There are armour-plated types and also naked types, however, they do not have scales. Not all catfish families have prominent barbells; what defines a fish as being in the order Siluriformes are certain features of the skull and swimbladder.
Cat Fish Characteristics
Catfish have no scales. All catfish, except members of Electric Catfish family, possess a strong, hollow, bony leading ray on their dorsal and pectoral fins, through which a stinging protein can be delivered if the fish is irritated. In members of the family Plotosidae (Eeltail Catfish) and of the genus Heteropneustes (Sri Lanka Stinging catfish), this protein is so strong it can put a human being in hospital if they are unfortunate enough to receive a sting.
Catfish have a sweet, mild flesh which makes them important as food fish throughout the world. Blue Catfish and Bullheads (Ictalurids) are cultivated in North America (especially in the Deep South, with Mississippi being the largest domestic catfish producer. Airbreathing Catfish (Clariids) and Shark Catfish (Pangasiidae) are heavily cultured in Africa and Asia.
Catfish range in size and behaviour from the heaviest, the giant Mekong Catfish in Southeast Asia and the longest, the Wels Catfish of Eurasia. The average size of the species is about 1.2 metres to 1.6 metres, and fish more than 2 metres are very rare.
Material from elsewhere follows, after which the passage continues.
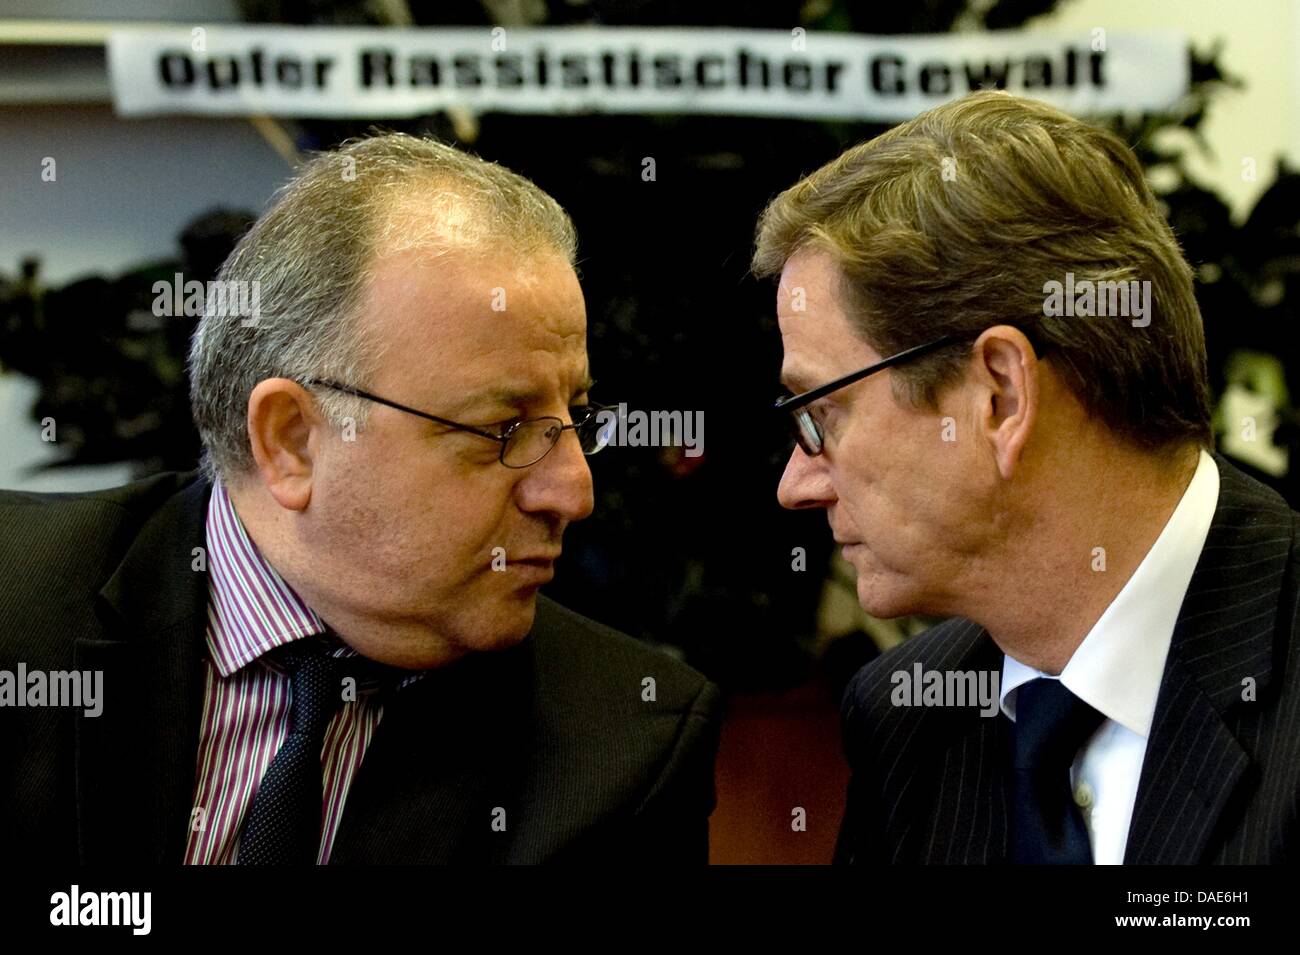 German Foreign Minister Guido Westerwelle and Kenan Kolat (L), Chairman of the Turkish Community in Germany, speak in the headquarters of the Turkish Community in Germany in Berlin, Germany, 15 November 2011. The reason for the visit is the newest information about the right-wing motivated murders of foreign fellow citizens. Photo: SEBASTIAN KAHNERT Stock Photo

The largest specimens on record measure more than 2.5 metres in length and sometimes exceed 100 kilograms in weight.
The Wels Catfish was introduced to Britain, Italy, Spain, Greece and some other countries during the last century. The species has flourished in the warm lakes and rivers of Southern Europe. The River Danube, River Po in Italy and the River Ebro in Spain are famous for huge Wels Catfish, which grow up to 2 metres. These habitats contain plenty of food and lack natural predators.
Catfish Spawning Habits
Spawning habits vary between Catfish species. Catfish such as the Channel Catfish, the Blue Catfish and the White Catfish are nest builders. Spawning occurs mostly in rivers and streams in the spring and early summer when waters warm to 70 to 85 degrees Fahrenheit. Catfish also will spawn in larger lakes where suitable habitat is available. Eggs are deposited in nests secluded under banks or logs or over open bottom. The male chooses the nesting site, often a natural cavern or hole, clears the nest and guards the eggs and young. A female may lay 2,000 to 21,000 eggs that hatch in 6 to 10 days depending on water temperature. Males protect the fry until they leave the nest in about a week.
The Yellow Bullhead and Brown Bullhead spawn in May and June as a rule, with eggs deposited in a nest usually adjacent to a submerged object. One or both parents take part in building the nest, and take turns caring for the eggs, which may number 2,000 to 4,000 and hatch in 5 to 10 days. The male guards the eggs and fry.
Catfish Diet and Feeding Habits
Different Catfish species have varied feeding habits. The Channel Catfish (Ictalurus punctatus) and Blue Catfish (Ictalurus furcatus) feed mainly at night using taste buds in the sensitive barbells and throughout the skin to locate prey. Although they normally feed on the bottom, channels also will feed at the surface and at mid-depth. Major foods are aquatic insects, crayfish, mollusks, crustaceans and fishes. Small channels consume invertebrates, but larger ones may eat fish. Contrary to popular belief, carrion is not their normal food.
The White Catfish (Ameiurus catus) eat fish as their major food, but they also eat larval aquatic insects, small crustaceans, fish eggs and aquatic plants. They may feed at night, but are not as nocturnal as other catfish.
Yellow Bullheads (Ameiurus natalis) are scavengers and prefer to feed on minnows, snails, shrimp and crayfish. They also will feed on insect larvae, vegetation and decaying organic matter. Scent and taste play a vital role in their feeding, most of which is done at night. Brown Bullheads (Ameiurus nebulosus) are primarily bottom feeders, feeding also mostly at night. Highly sensitive barbells enable them to smell a wide variety of food such as insects, plant material, carrion, small fish, snails, crayfish, worms and leeches.
Flathead Catfish (Pylodictis olivaris) are predatory fish and will consume bass, bream, shad, crayfish and often feed on other catfish. The young rely more extensively on aquatic insects and crayfish than do the adults. Large flatheads sometime congregate where food is plentiful such as near tailraces of dams. They often feed at the surface or in shallow water at night, returning to their residence in a hole or brush pile to rest during the day. They rarely eat dead or decaying matter.